Could you set down the listing below exactly, leaving out its pictures?

- The data:
☆ ☆ ☆ ☆ ☆ ☆ ☆

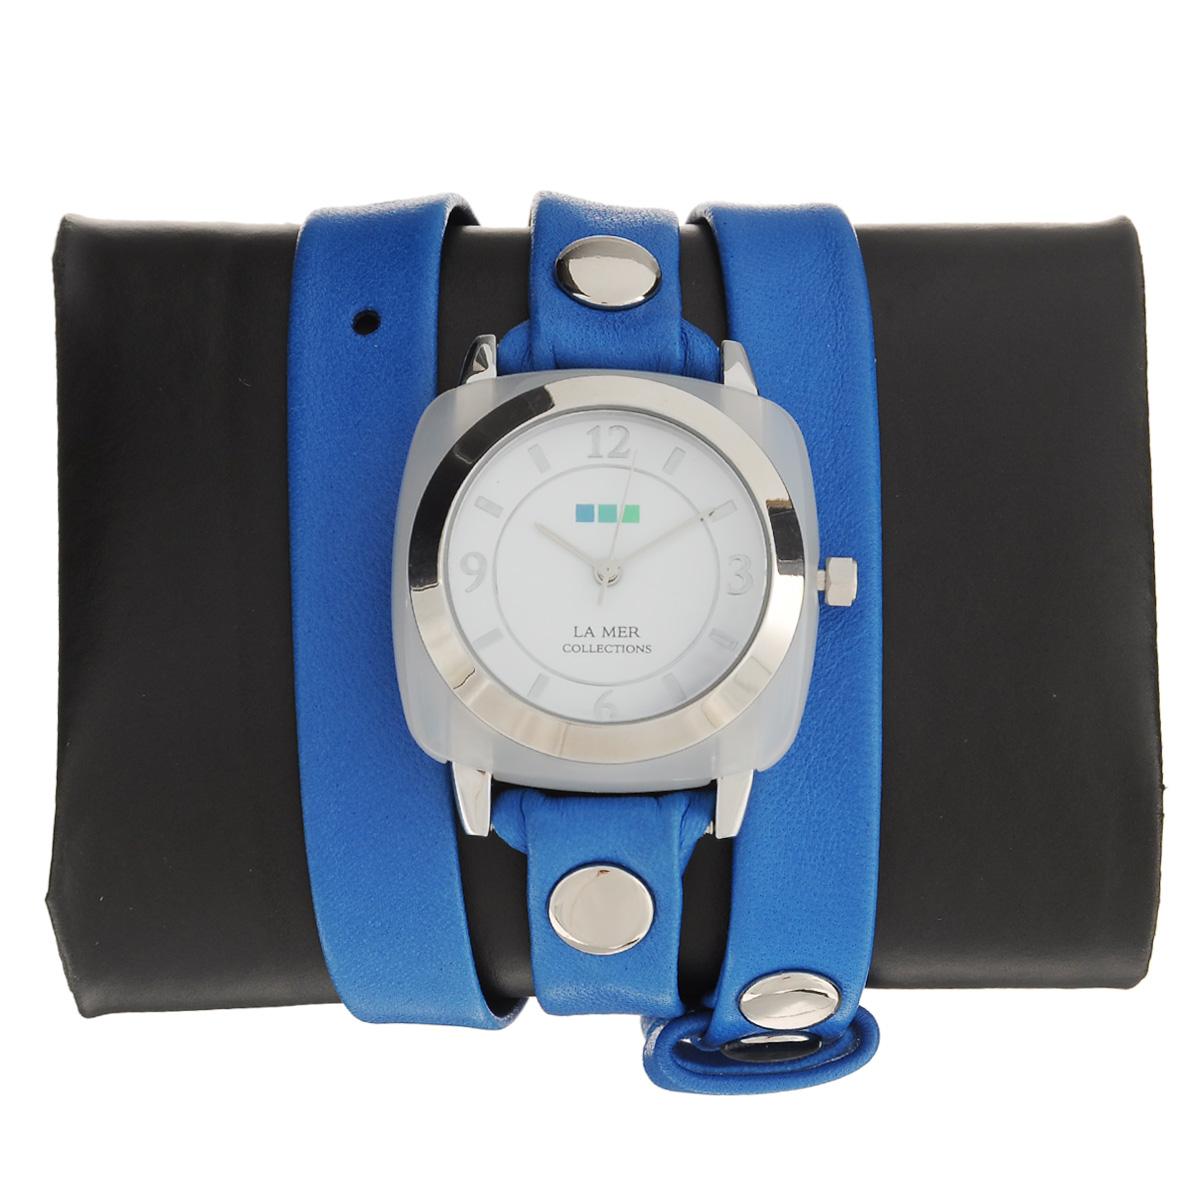 "Часы наручные женские La Mer Collections ""Stone Acetate Moonstone Blue Silver"". LMACETATE008 ( LMACETATE008 )"
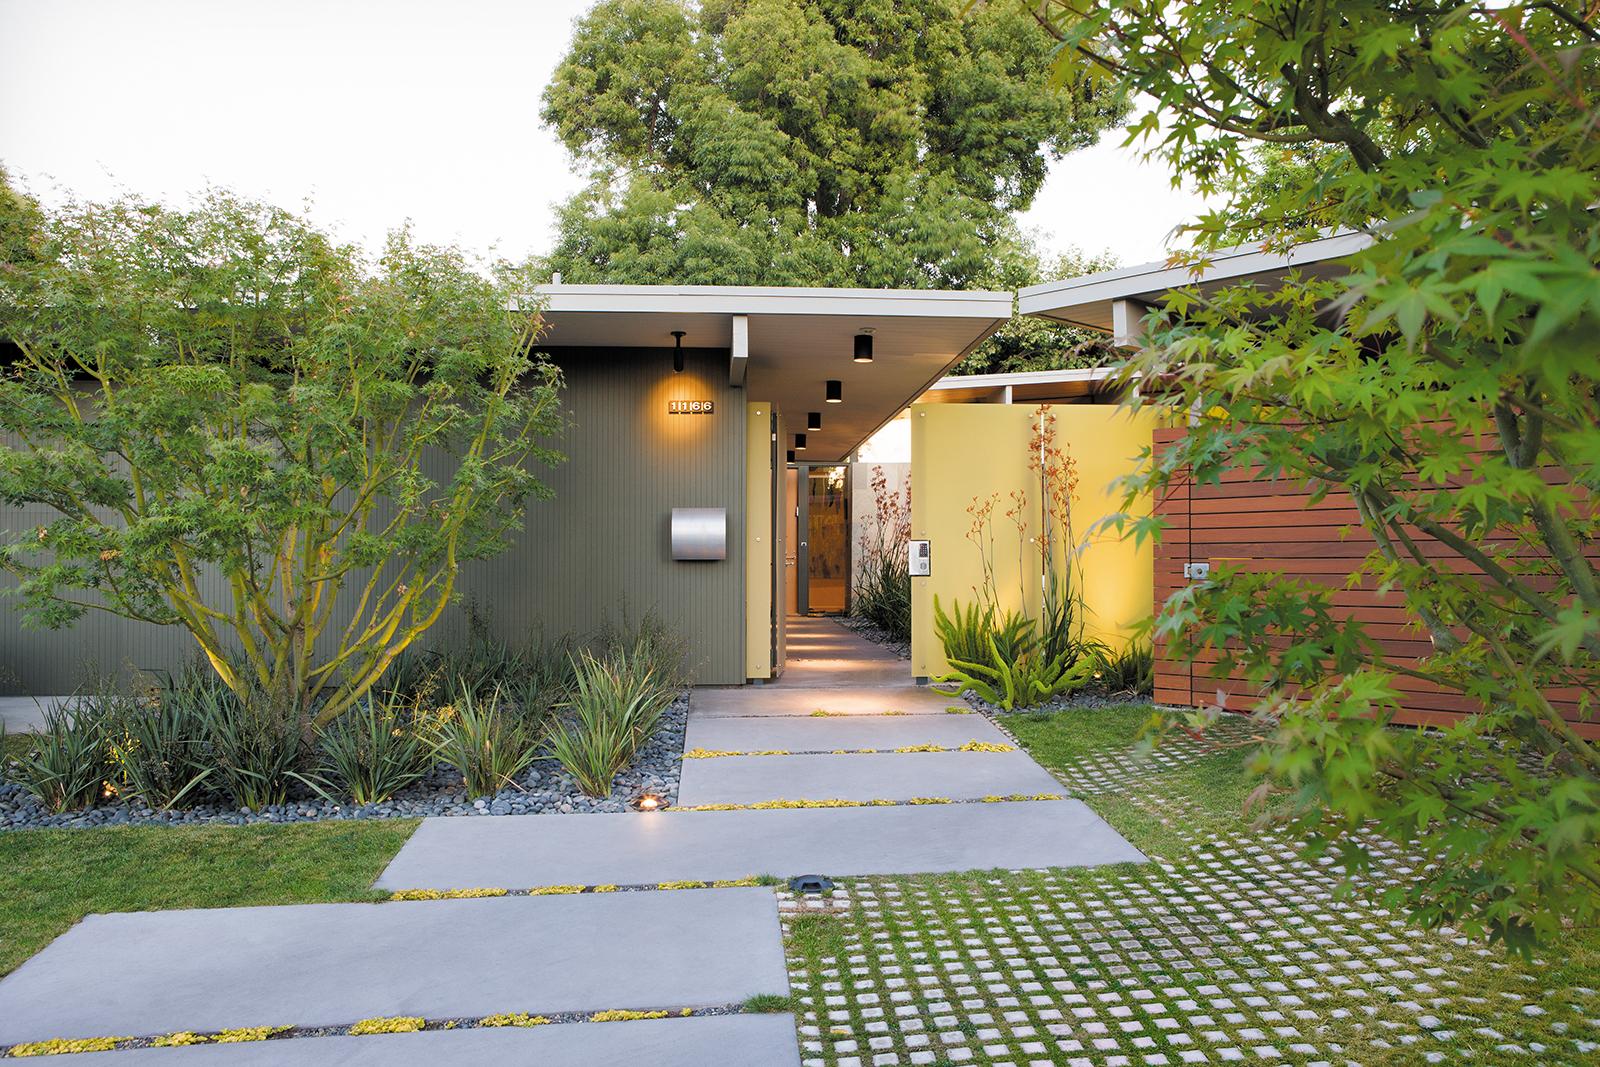 modern entrance ipe fence wood plants concrete pavers
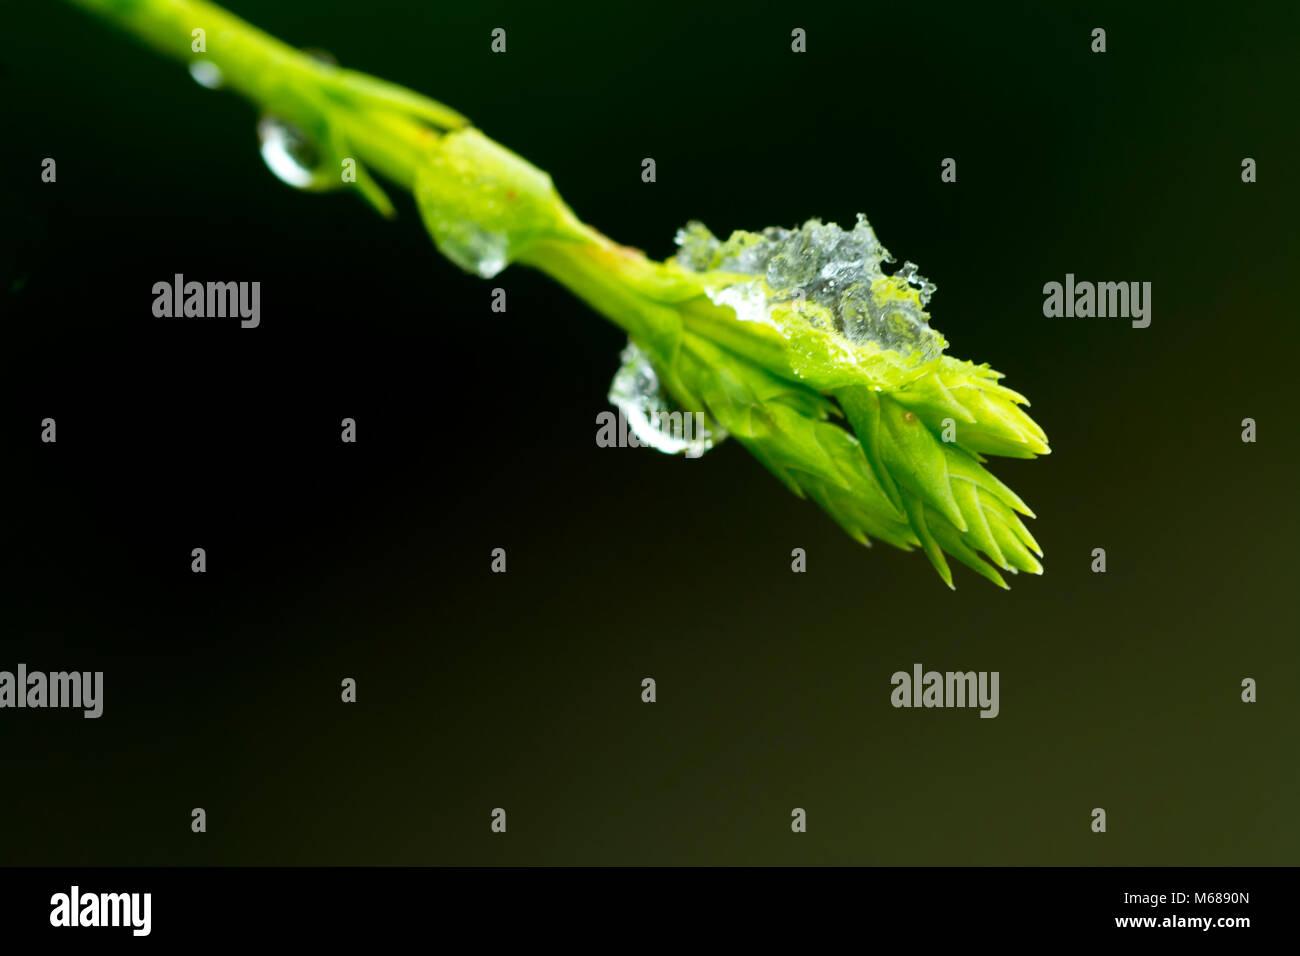 Ice formation on Leylandii Hedge branch tip - Stock Image

☆ ☆ ☆ ☆ ☆ ☆ ☆

- Answer to this task:
 "Часы наручные женские La Mer Collections ""Stone Acetate Moonstone Blue Silver"". LMACETATE008 ( LMACETATE008 )"
 modern entrance ipe fence wood plants concrete pavers
 Ice formation on Leylandii Hedge branch tip - Stock Image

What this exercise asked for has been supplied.